(Data excerpts)
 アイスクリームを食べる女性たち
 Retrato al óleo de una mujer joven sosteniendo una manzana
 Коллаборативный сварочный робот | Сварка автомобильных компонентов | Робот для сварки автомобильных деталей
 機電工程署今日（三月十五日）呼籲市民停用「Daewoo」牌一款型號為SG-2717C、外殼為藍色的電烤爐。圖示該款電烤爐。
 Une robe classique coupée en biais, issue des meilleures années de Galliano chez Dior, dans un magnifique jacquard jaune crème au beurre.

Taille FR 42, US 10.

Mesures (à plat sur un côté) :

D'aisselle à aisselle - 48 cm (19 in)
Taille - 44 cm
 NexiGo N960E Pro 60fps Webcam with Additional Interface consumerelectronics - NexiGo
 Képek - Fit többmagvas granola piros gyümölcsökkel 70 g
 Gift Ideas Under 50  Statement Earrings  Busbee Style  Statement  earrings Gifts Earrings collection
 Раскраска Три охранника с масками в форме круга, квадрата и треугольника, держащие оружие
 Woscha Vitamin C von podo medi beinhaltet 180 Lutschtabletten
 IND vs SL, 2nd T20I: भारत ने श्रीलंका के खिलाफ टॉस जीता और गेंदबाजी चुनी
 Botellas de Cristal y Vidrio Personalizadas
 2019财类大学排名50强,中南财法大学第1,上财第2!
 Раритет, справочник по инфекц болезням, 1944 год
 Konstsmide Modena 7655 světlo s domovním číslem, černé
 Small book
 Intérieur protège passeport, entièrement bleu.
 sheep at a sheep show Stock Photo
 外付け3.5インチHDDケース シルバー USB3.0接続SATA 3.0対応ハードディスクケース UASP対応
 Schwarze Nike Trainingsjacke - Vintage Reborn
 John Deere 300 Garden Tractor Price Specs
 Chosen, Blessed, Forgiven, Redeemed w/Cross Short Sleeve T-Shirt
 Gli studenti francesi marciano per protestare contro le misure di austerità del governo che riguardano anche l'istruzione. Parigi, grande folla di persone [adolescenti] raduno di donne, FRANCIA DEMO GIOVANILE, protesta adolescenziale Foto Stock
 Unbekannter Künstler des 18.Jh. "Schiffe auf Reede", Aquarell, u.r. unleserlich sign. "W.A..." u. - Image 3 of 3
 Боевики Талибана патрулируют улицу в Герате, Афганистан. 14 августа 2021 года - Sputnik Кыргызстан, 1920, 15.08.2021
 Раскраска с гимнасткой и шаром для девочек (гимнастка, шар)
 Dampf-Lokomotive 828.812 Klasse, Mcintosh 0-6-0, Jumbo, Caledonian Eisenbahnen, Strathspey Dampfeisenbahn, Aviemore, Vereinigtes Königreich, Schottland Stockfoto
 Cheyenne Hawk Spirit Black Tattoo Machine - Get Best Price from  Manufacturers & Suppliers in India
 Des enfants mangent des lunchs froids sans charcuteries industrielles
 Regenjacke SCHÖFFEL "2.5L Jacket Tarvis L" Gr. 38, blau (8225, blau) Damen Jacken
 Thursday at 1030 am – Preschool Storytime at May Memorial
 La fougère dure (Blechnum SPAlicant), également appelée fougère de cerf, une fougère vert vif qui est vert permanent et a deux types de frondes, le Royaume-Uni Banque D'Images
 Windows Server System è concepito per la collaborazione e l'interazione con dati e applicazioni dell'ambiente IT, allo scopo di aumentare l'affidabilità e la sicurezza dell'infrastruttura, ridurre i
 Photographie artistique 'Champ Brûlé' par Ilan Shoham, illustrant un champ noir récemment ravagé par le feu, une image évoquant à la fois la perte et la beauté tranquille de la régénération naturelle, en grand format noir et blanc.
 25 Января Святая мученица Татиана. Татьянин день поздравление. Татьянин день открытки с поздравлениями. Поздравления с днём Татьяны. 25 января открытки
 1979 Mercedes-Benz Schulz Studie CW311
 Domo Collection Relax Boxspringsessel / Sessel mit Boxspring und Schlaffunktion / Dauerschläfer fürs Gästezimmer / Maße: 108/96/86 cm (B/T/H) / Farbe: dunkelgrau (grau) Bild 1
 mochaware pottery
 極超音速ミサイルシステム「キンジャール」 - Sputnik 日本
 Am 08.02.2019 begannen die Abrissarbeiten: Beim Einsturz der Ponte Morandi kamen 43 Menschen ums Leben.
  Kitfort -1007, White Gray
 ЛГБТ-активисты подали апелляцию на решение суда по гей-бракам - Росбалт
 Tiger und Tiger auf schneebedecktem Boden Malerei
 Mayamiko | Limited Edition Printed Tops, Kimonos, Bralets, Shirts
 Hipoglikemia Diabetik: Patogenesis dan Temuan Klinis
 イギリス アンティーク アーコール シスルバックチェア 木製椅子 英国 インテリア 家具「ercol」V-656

** Activity **
Using the data above, repeat exactly the lines that begin at the line with "外付け3.5インチHDDケース シルバー USB3.0接続SATA" and end at the line with "Unbekannter Künstler des", both ends included.

** Your response **
 外付け3.5インチHDDケース シルバー USB3.0接続SATA 3.0対応ハードディスクケース UASP対応
 Schwarze Nike Trainingsjacke - Vintage Reborn
 John Deere 300 Garden Tractor Price Specs
 Chosen, Blessed, Forgiven, Redeemed w/Cross Short Sleeve T-Shirt
 Gli studenti francesi marciano per protestare contro le misure di austerità del governo che riguardano anche l'istruzione. Parigi, grande folla di persone [adolescenti] raduno di donne, FRANCIA DEMO GIOVANILE, protesta adolescenziale Foto Stock
 Unbekannter Künstler des 18.Jh. "Schiffe auf Reede", Aquarell, u.r. unleserlich sign. "W.A..." u. - Image 3 of 3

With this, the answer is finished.